With the LAPS PowerShell module installed, you can now update the Active Directory schema using the following command:

				
					Update-LapsADSchema -Verbose

				
			

Step 4: Verify the schema update

To confirm that the schema update was successful, enter the following command in the PowerShell window:

				
					Get-ADObject -SearchBase ((Get-ADRootDSE).SchemaNamingContext) -Filter * -Properties lDAPDisplayName | Where-Object { $PSITEM.lDAPDisplayName -eq "msLAPS-Password" -or $PSITEM.lDAPDisplayName -eq "msLAPS-EncryptedPassword" -or $PSITEM.lDAPDisplayName -eq "msLAPS-EncryptedPasswordHistory" -or  $PSITEM.lDAPDisplayName -eq "msLAPS-EncryptedDSRMPassword" -or  $PSITEM.lDAPDisplayName -eq "msLAPS-EncryptedDSRMPasswordHistory" -or  $PSITEM.lDAPDisplayName -eq "msLAPS-PasswordExpirationTime"}

				
			

If the schema update was successful, you should see the LAPS schema attributes in the output.
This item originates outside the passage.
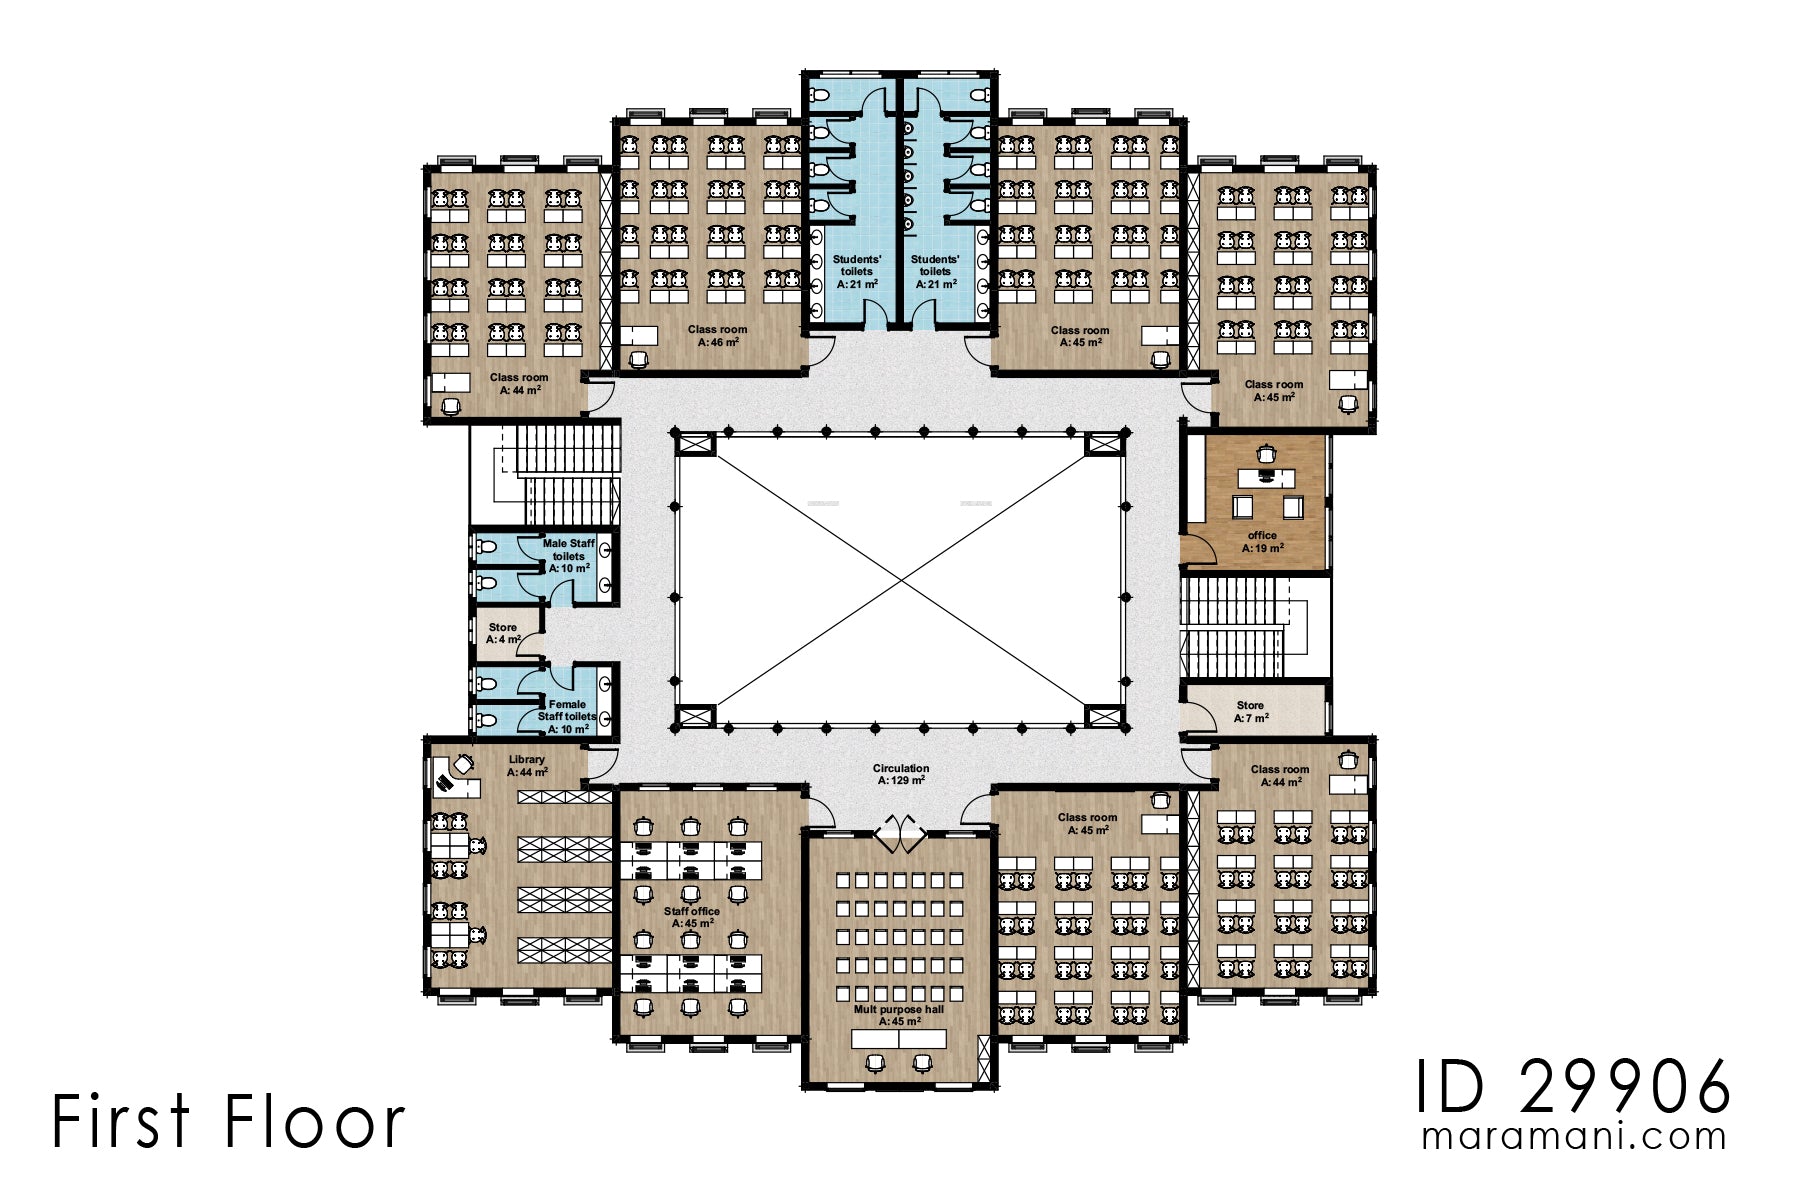 School Building Design - ID 29906

Here is the output from the Update-LapsADSchema PowerShell command:

Conclusion

After successfully updating the schema, you’re set to configure and roll out the evolved Microsoft LAPS, now known as Windows LAPS, across your organization. This updated version not only streamlines the management process but also fortifies the method of handling local administrator passwords. The result is a more secure and systematically organized IT infrastructure.